Depuis la mi-mai, les cours du pétrole ont connu une baisse significative, atteignant des niveaux proches de ceux observés avant le début du conflit en Iran. Dans la nuit de mercredi à jeudi, le prix du baril de brut a chuté à 72 dollars, un chiffre qui rappelle les tarifs d’avant la guerre débutée le 28 février. Ce retournement de tendance est néanmoins à nuancer, car le baril avait auparavant grimpé jusqu’à 114 dollars au début du mois de mai.
EN BREF
- Le prix du baril de pétrole est tombé à 72 dollars, proche des niveaux d’avant conflit.
- Les prix du diesel et du SP95 ont diminué d’environ 20 centimes depuis la mi-mai.
- Les automobilistes pourraient encore attendre plusieurs semaines avant de voir une réelle baisse à la pompe.
Cette baisse des cours, amorcée il y a plusieurs semaines, a vu le prix du brut perdre près de 40 dollars en l’espace de six semaines. Une règle d’usage sur le marché pétrolier stipule qu’une diminution d’un dollar du baril se traduit généralement, avec un décalage de huit à quinze jours, par une baisse d’environ un centime à la pompe. Cela laisse à penser que les consommateurs ne verront pas immédiatement les bénéfices de cette chute actuelle.
Actuellement, les prix des carburants tels que le diesel et le SP95 ont déjà enregistré une diminution d’une vingtaine de centimes. Cependant, les effets des baisses récentes sur les marchés n’ont pas encore été entièrement répercutés sur les prix à la consommation. Si cette tendance se maintient, notamment avec la réouverture du détroit d’Ormuz, il est envisageable qu’une nouvelle baisse de près de vingt centimes soit observée dans les semaines à venir.
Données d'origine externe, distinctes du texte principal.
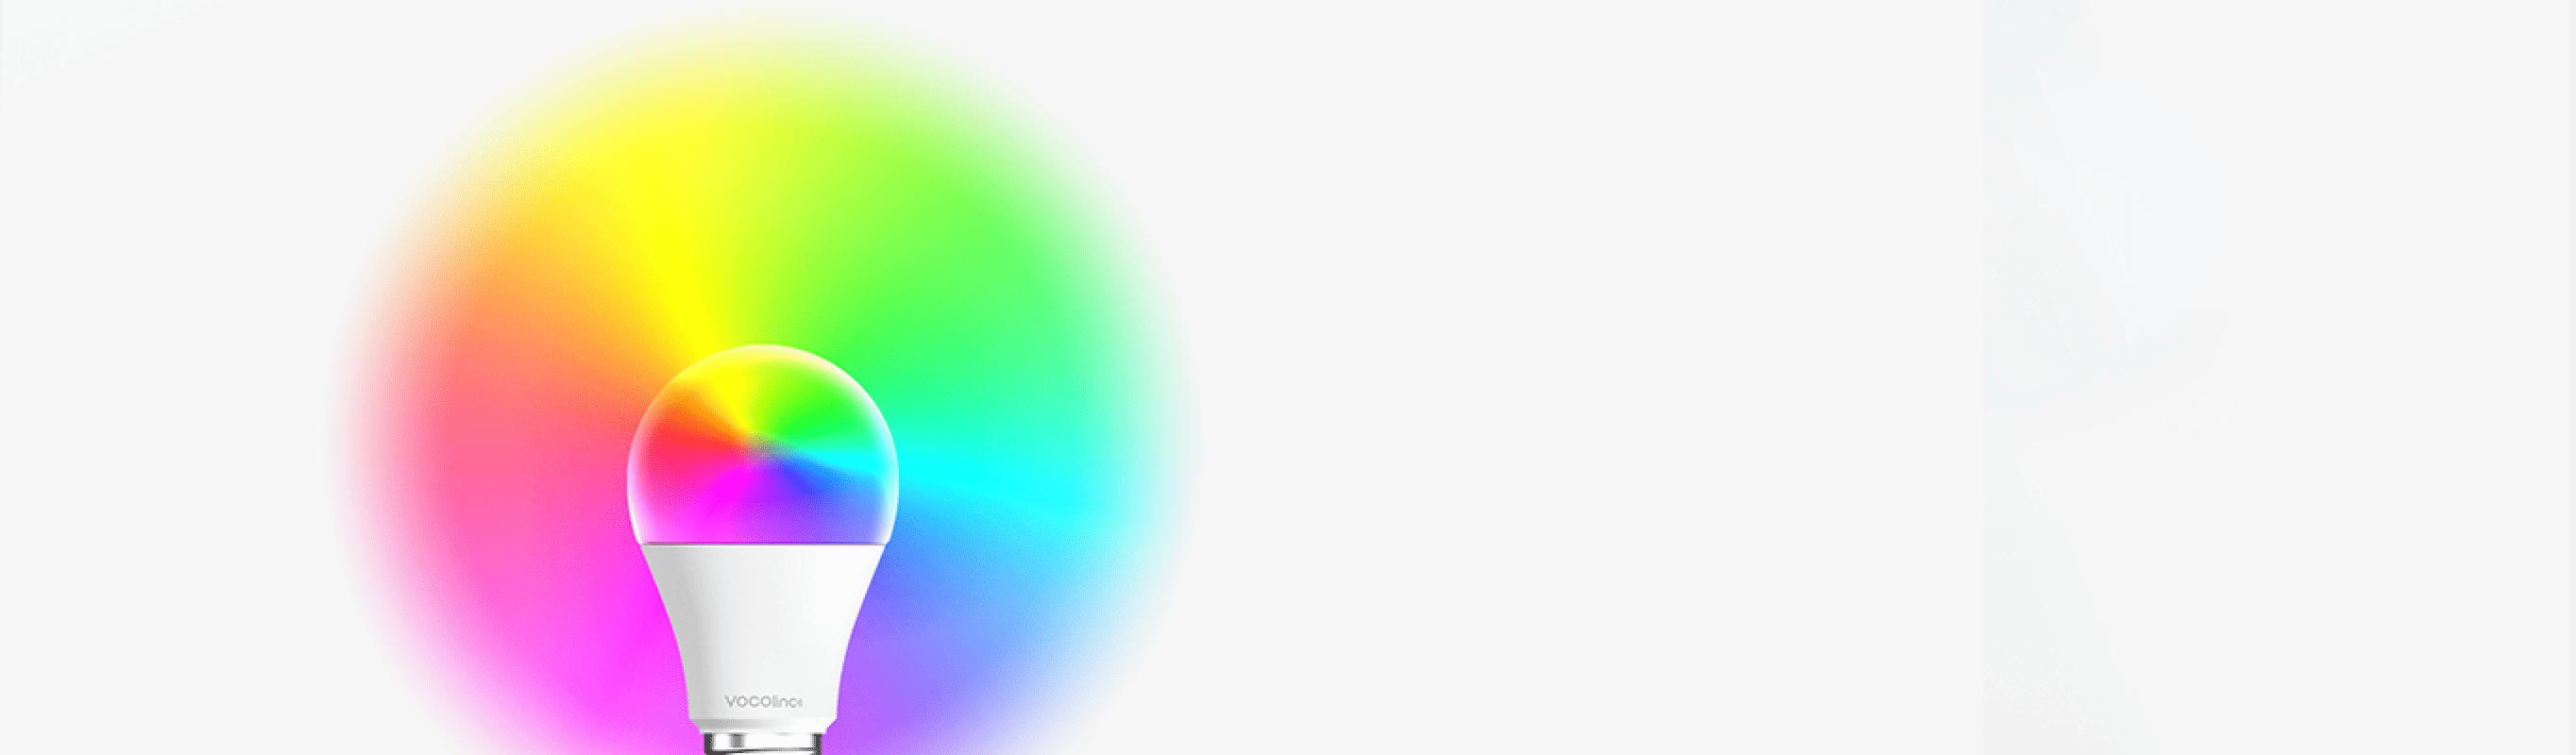 vocolinc-inteligentna-zarowka-led-e27-bitmap-1-33c0879e-decb-4946-8784-4d075ad68600-iShack

Une dynamique de prix complexe
Les prévisions suggèrent que les prix des carburants pourraient se stabiliser aux alentours de 1,75 euro le litre de gazole ou de SP95 avant le 14 juillet. Malgré cette amélioration, les automobilistes ne devraient pas s’attendre à retrouver les tarifs d’avant-guerre, car les coûts demeureront environ dix centimes plus élevés qu’avant le début du conflit.
Plusieurs facteurs contribuent à cet écart de prix. Tout d’abord, le trafic maritime via le détroit d’Ormuz reste plus onéreux et plus risqué qu’avant la guerre, ce qui entraîne une augmentation des primes d’assurance. En outre, les marges de raffinage ont également dépassé leurs niveaux d’avant conflit, affichant environ cinq centimes de plus par litre.
Les impacts du dollar sur les prix
Un autre élément à considérer est l’évolution de l’euro par rapport au dollar, qui est la monnaie de référence pour les transactions pétrolières. Cette dévaluation de l’euro entraîne une majoration du coût énergétique, estimée entre trois et quatre centimes par litre. Ainsi, même avec la baisse des prix du pétrole, les Européens continuent de faire face à des coûts plus élevés qu’auparavant.
Dans ces conditions, il semble que les consommateurs devront patienter jusqu’au mois d’août, voire septembre, pour espérer un retour à des prix de carburants plus proches de ceux qui prévalaient avant le début des hostilités. La situation actuelle, marquée par des fluctuations de prix et des contraintes géopolitiques, souligne la complexité du marché pétrolier et ses répercussions sur le quotidien des automobilistes.